Instructions for the task: Skip every picture, and copy exactly the lines from the one containing "100 PACK OF" to the end of the data.

Collected material:

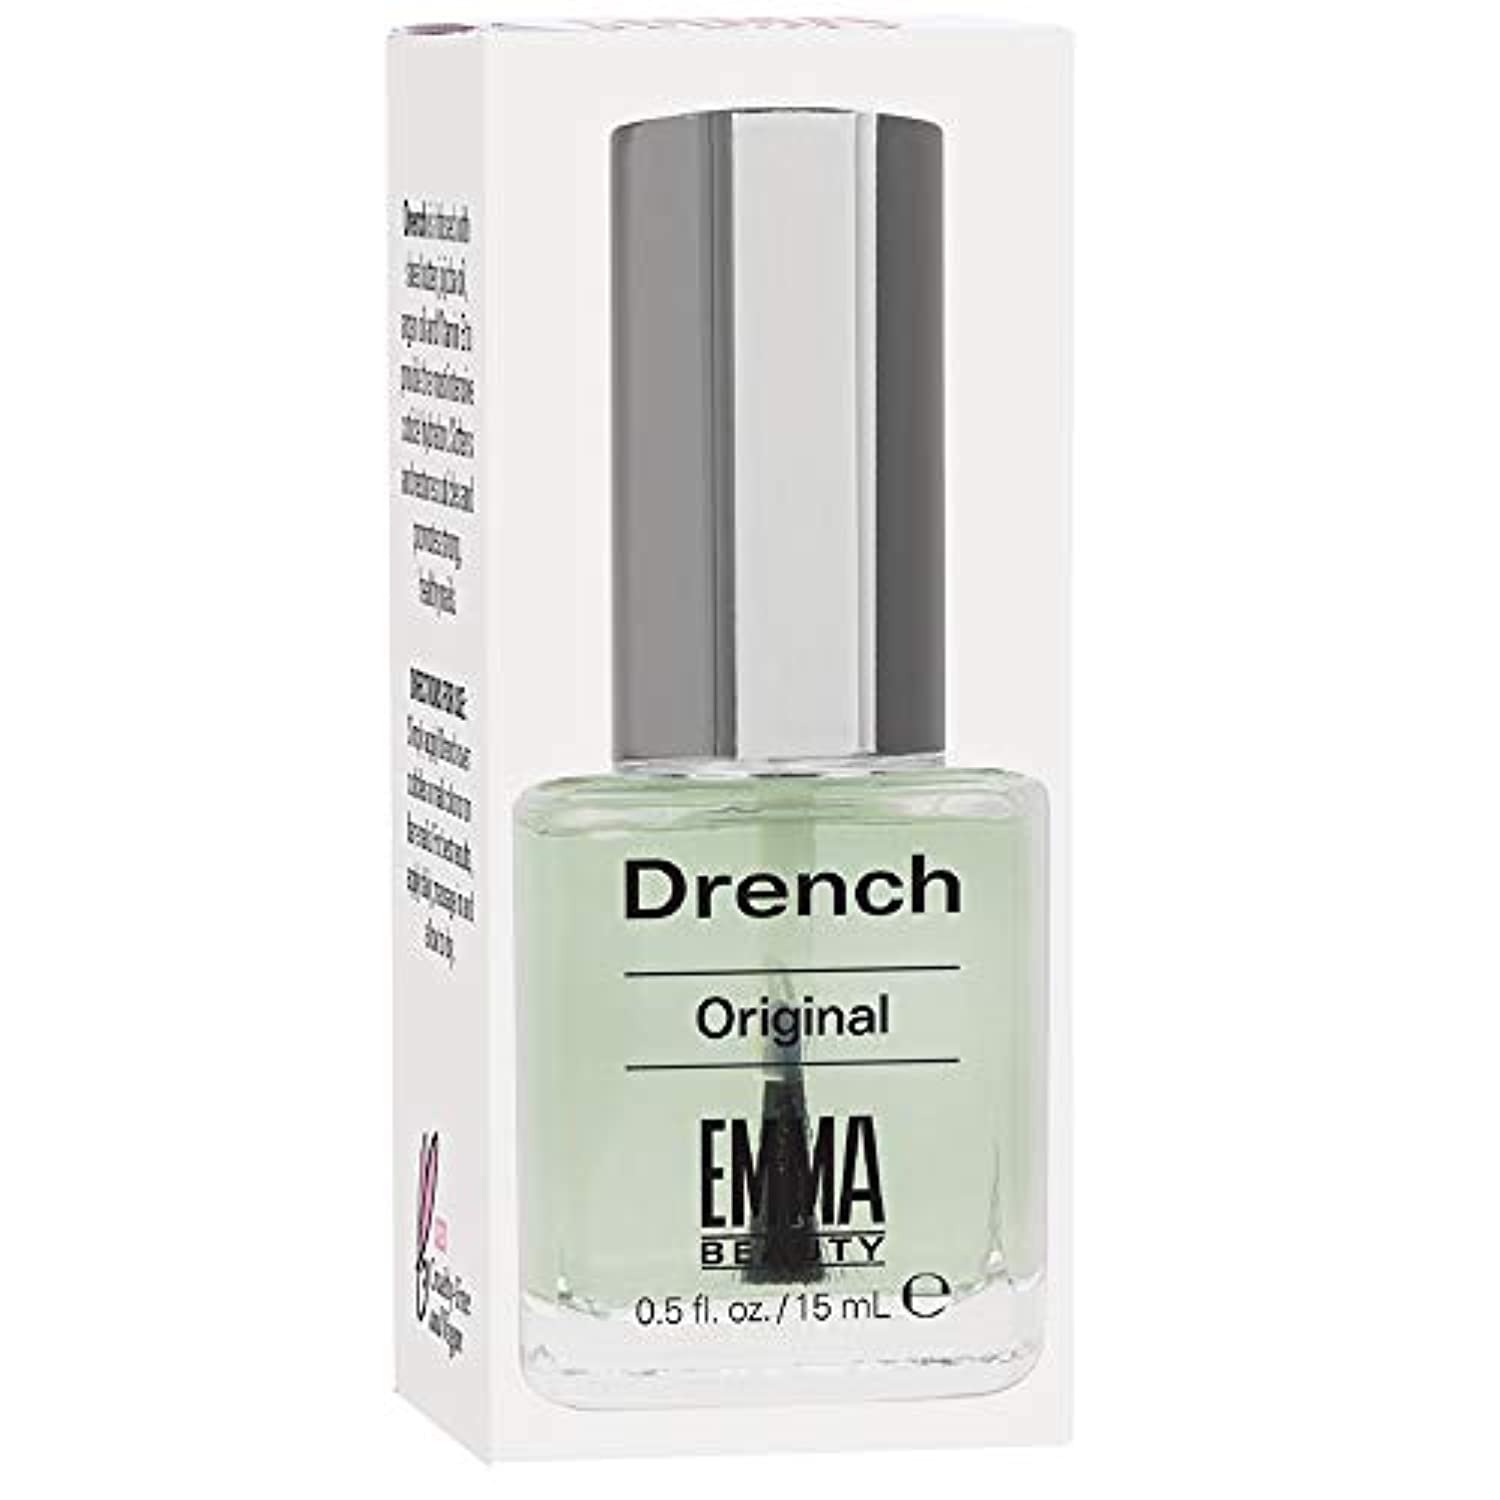 EMMA Beauty Drench Original Cuticle Oil, Deep Penetrating Oil Nourishes, Protects, Hydrates & Revitalizes Nails & Cuticles, 12+ Free Formula, 100% Vegan & Cruelty-Free, 0.5 fl. oz.
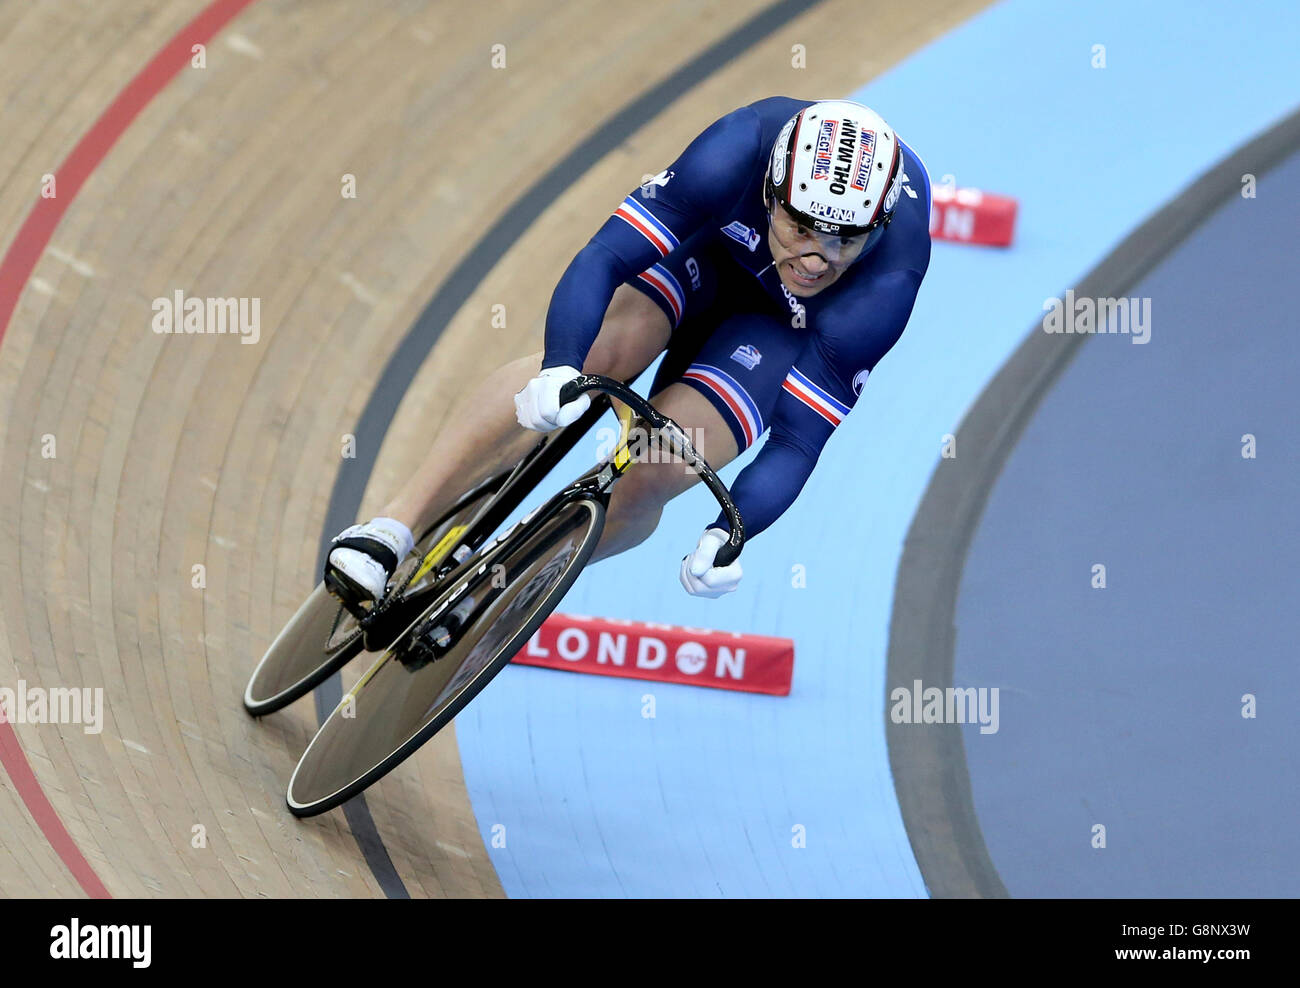 France's Francois Pervis competes in the Men's Sprint during day three of the UCI Track Cycling World Championships at Lee Valley VeloPark, London. PRESS ASSOCIATION Photo. Picture date: Friday March 4, 2016. See PA story CYCLING World. Photo credit should read: Tim Goode/PA Wire. Stock Photo
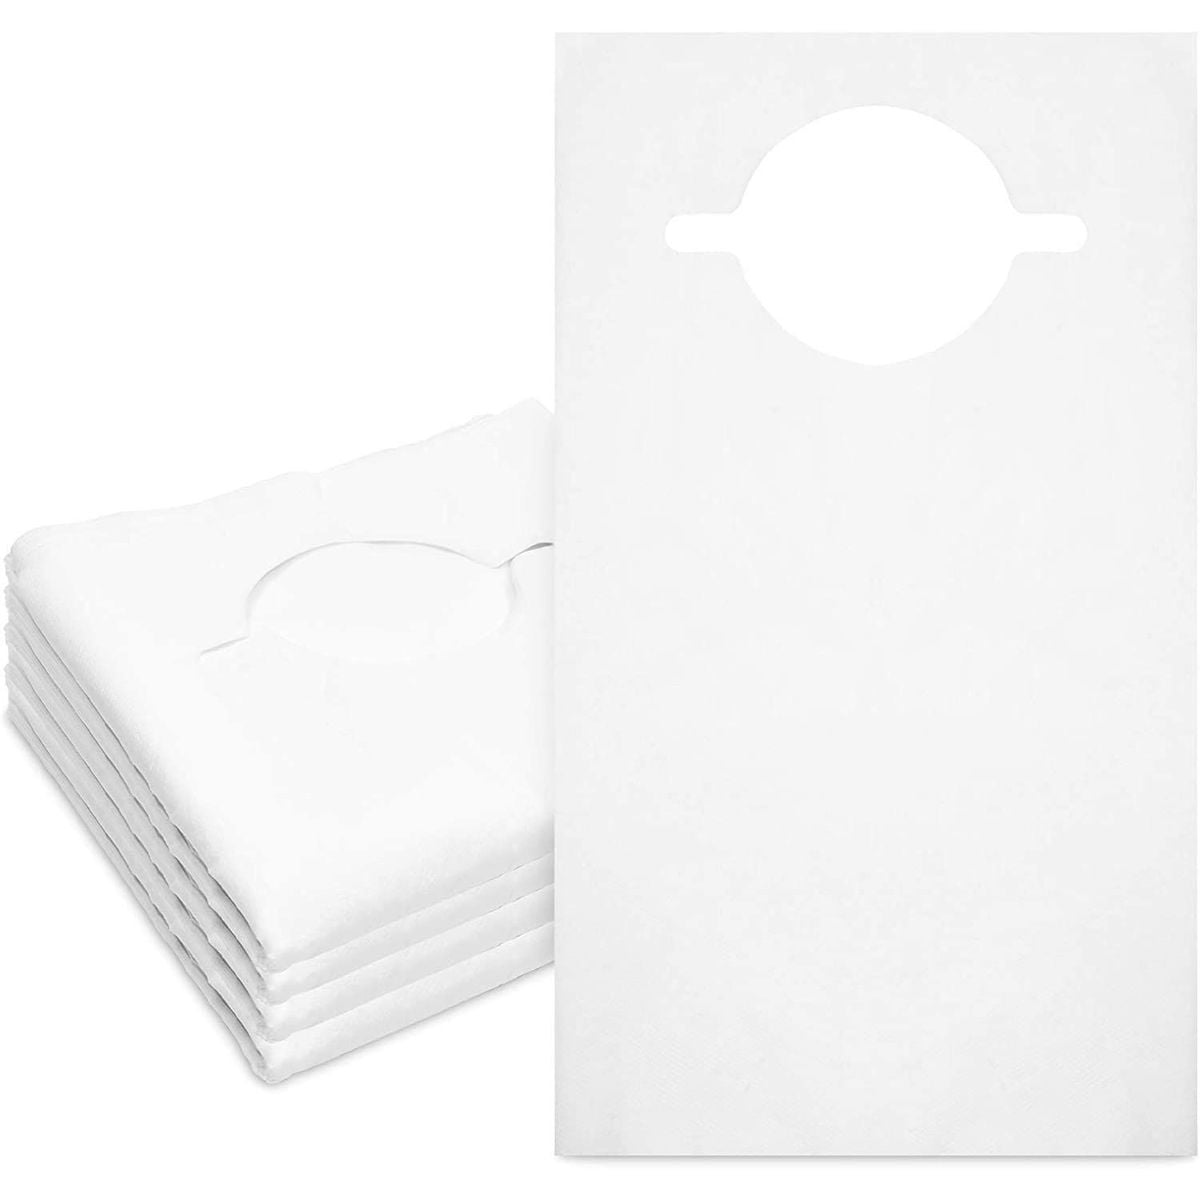 100 PACK OF WHITE DISPOSABLE PLASTIC ADULT BIBS FREE SHIPPING 
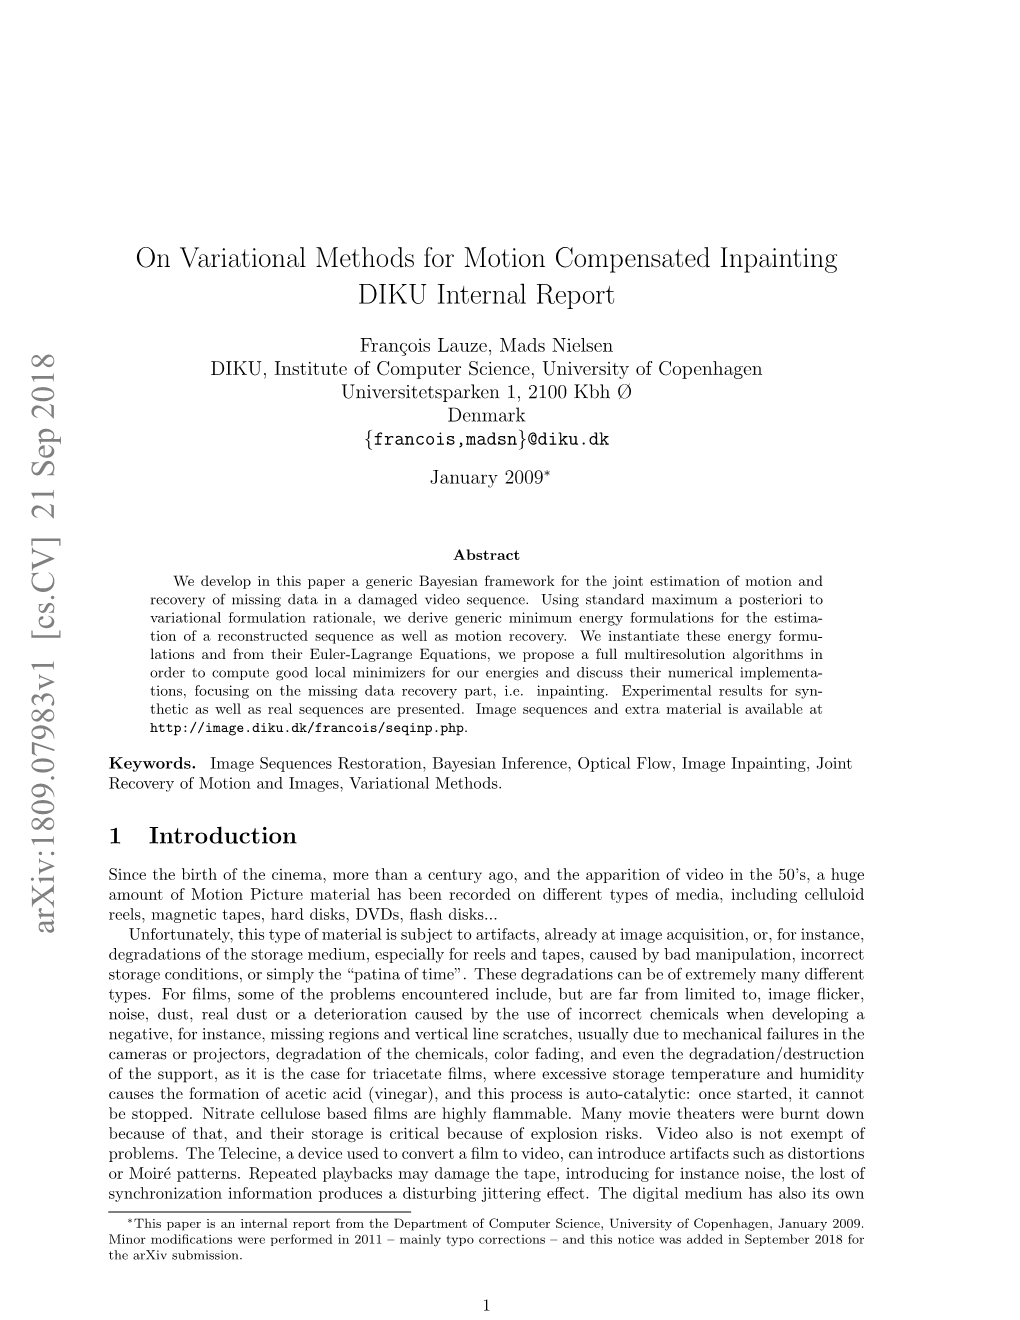 On Variational Methods for Motion Compensated Inpainting DIKU Internal Report

Exercise response:
 100 PACK OF WHITE DISPOSABLE PLASTIC ADULT BIBS FREE SHIPPING 
 On Variational Methods for Motion Compensated Inpainting DIKU Internal Report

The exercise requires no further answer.